Esto fue para mear y no echar ni gota. Cuando uno tiene que pasar por esto se pregunta el por qué: ¿Por qué tengo yo que acabar discutiendo con otra persona responsable de otro colectivo del pueblo si aquí todos nos conocemos y nos llevamos más o menos bien? La respuesta es muy sencilla: La gestión que se está llevando del uso del poli no es la correcta. Los que administran su utilización en vez de buscar soluciones a los problemas que se plantean lo que originan son conflictos entre colectivos. Estamos apañados. Mala cosa, cosa mala.
Todo esto ocurrió el sábado día 19 de enero de 2013.

Festejos y Pabellón

En mi pueblo el Pabellón Municipal se conoce por Polideportivo; pero es más bien un pabellón multiusos o podríamos decir poliusos. Su uso no se limita a eventos relacionados con el deporte y con personas, asociaciones o colectivos deportivos; sino que se amplía para que lo utilicen colectivos culturales, políticos, sociales y, como colofón, para hacer de verbena o caseta municipal cada vez que se celebran ferias y fiestas (días de feria del pueblo o días de carnavales, por ejemplo).
No soy yo, ni muchísimo menos, la persona más cualificada para indicar cuáles deben ser los usos del pabellón municipal, pero sí me creo con el derecho a opinar y a protestar si se anteponen a los actos deportivos otros que no lo son. El pabellón, primero debe ser un polideportivo para la práctica de diferentes deportes por personas y colectivos; el deporte que sea y que pueda ser desarrollado dentro de estas instalaciones, y después lo que venga. Por ejemplo, no es de recibo ni de buen gusto apartar a un colectivo deportivo para dejar paso a uno cultural. Mala cosa. Así no se debe gestionar su uso. Hay que hacer las cosas bien.
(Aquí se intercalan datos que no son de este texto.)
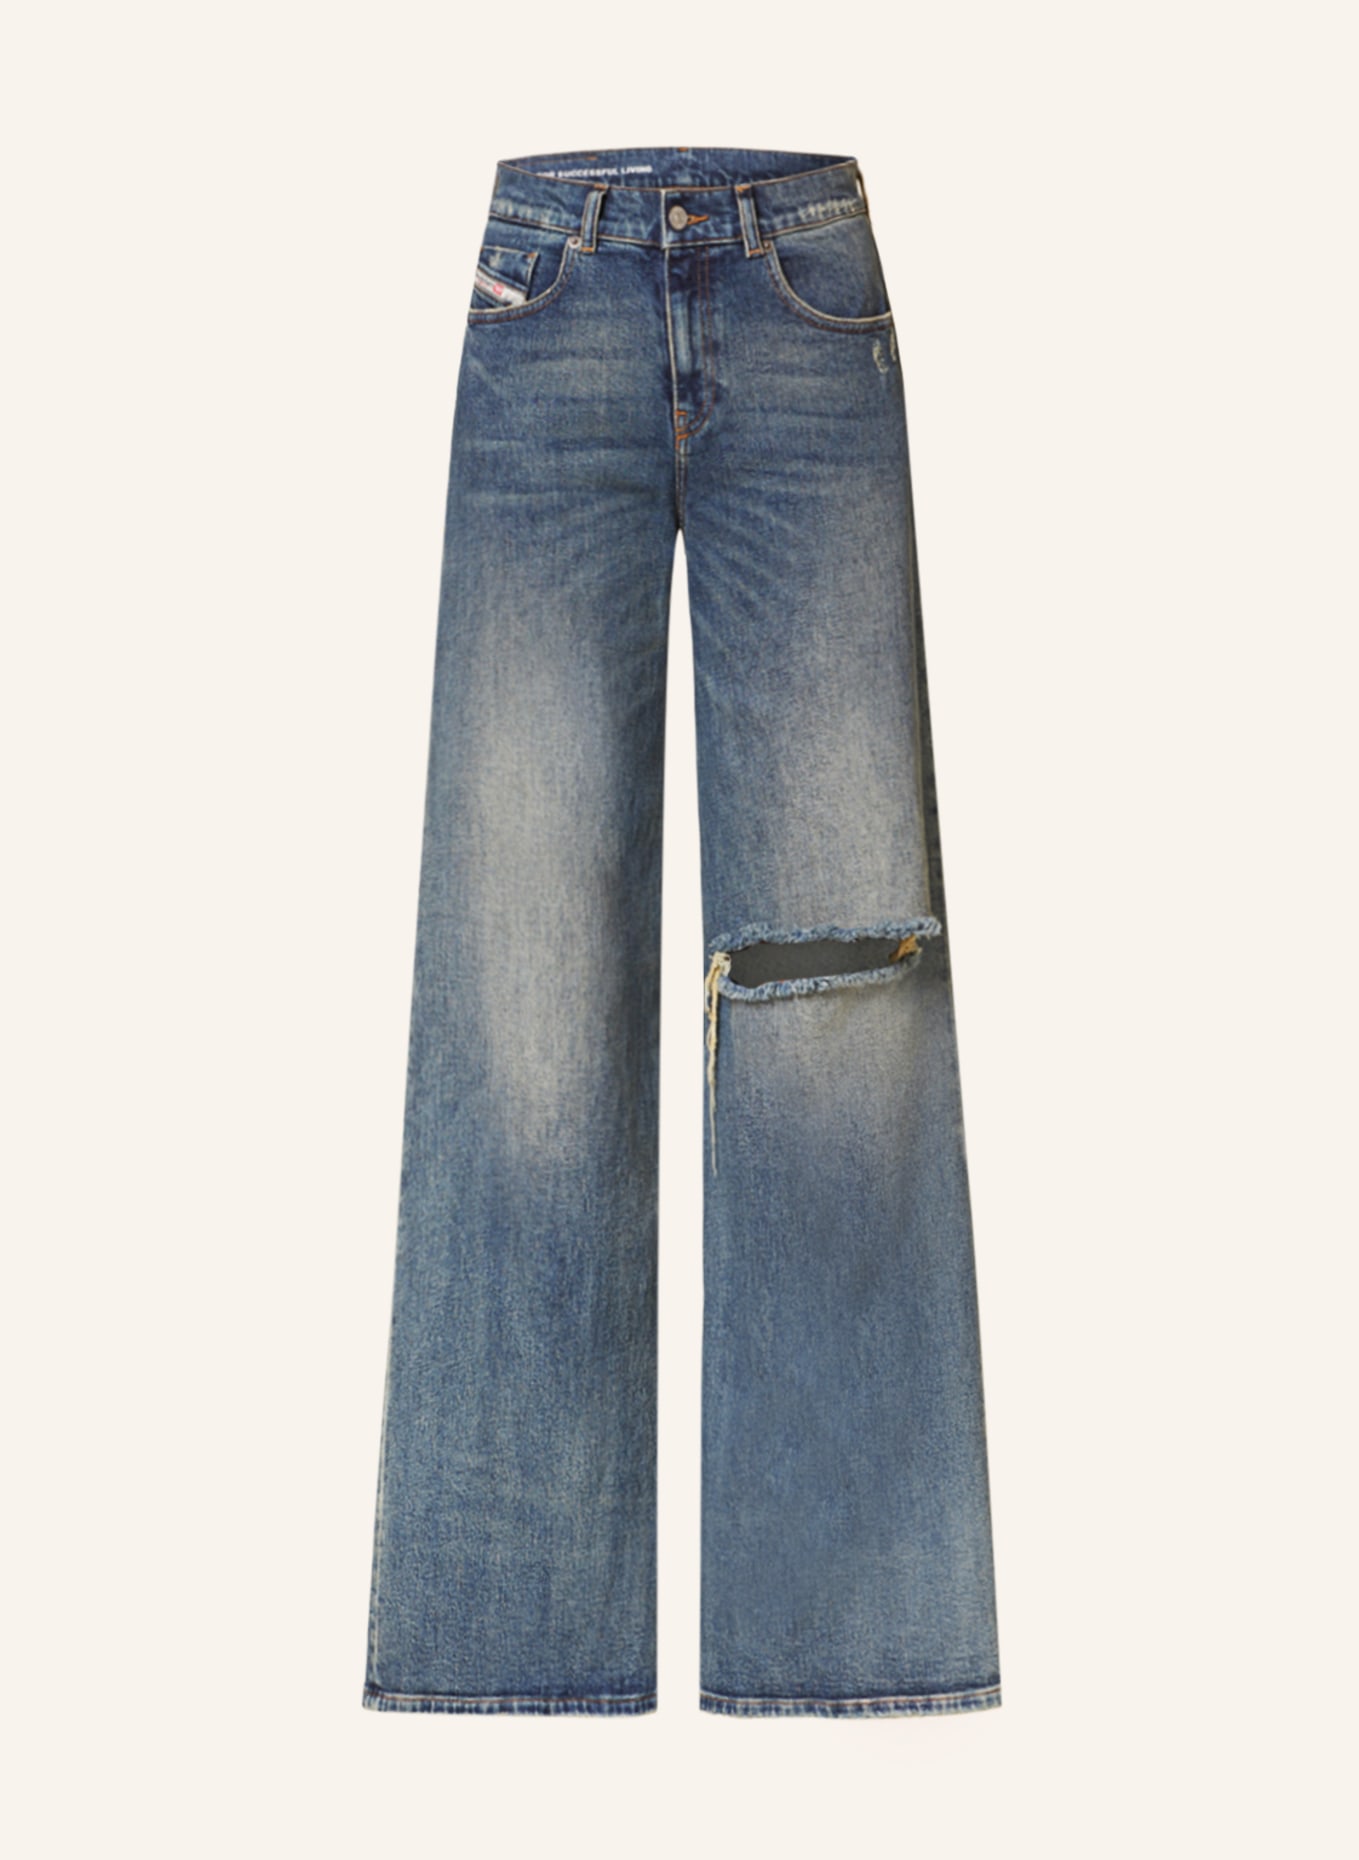 DIESEL Flared Jeans 1978 D-AKEMI, Farbe: 01 MID BLUE (Bild 1)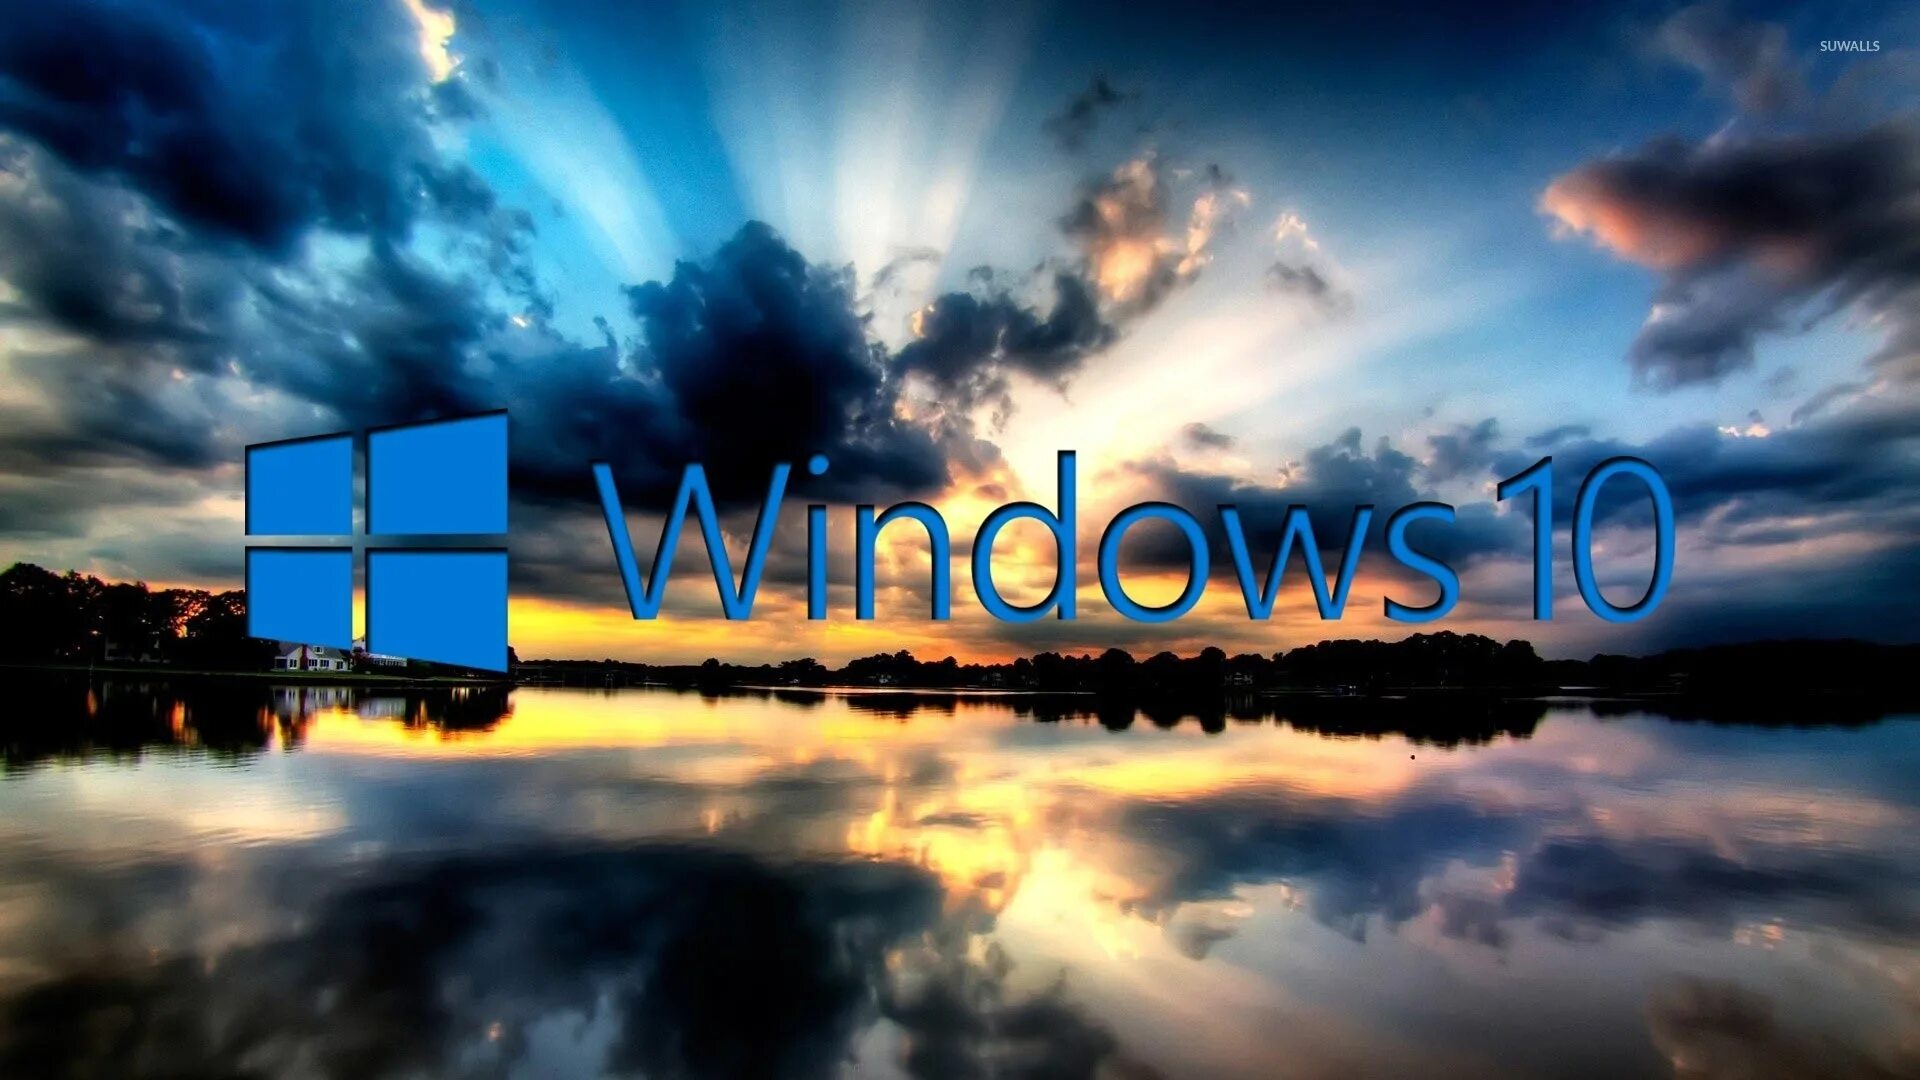 Фоновые рисунки Windows 10. Картинки на рабочий стол Windows 10. Фон рабочего стола виндовс 10.

El uno va antes que el dos.
No cabe duda que el pabellón es una instalación municipal y que hay una serie de personas que, de manera jerárquica, se encargan de administrar su utilización por parte de los vecinos de la localidad (ya sea de forma individual o colectiva) y que son estas personas las que deciden qué uso se le da y quién o quiénes lo utilizan.
Me parece que el pabellón polideportivo municipal debe utilizarse primero para la práctica deportiva. Es decir, más que nada para la promoción y el desarrollo del deporte y después, como decía anteriormente, para lo que venga. Pero lo primero es lo primero. Si no es así mala cosa.
Como escribo en primera persona y ya he pasado por una situación en la que he sentido vergüenza propia y ajena en este post no tengo más que decir, en otros que escriba después ya detallaré un poquito más sobre este tema del uso del poli.

Dicho

En este deporte del fútbol sala (al igual que en otros y también en esta vida) no te perdonan si sales derrotado y te odian si ganas siempre. Aunque lo más importante es saber perder y esa cualidad está al alcance de muy pocos, porque cuando llega ese momento a casi todos le cuesta mucho digerirlo. De las derrotas hay que aprender, porque es precisamente en las derrotas donde se aprende el arte de vencer. Además, la derrota tiene una dignidad que la victoria no conoce. Cosas buenas.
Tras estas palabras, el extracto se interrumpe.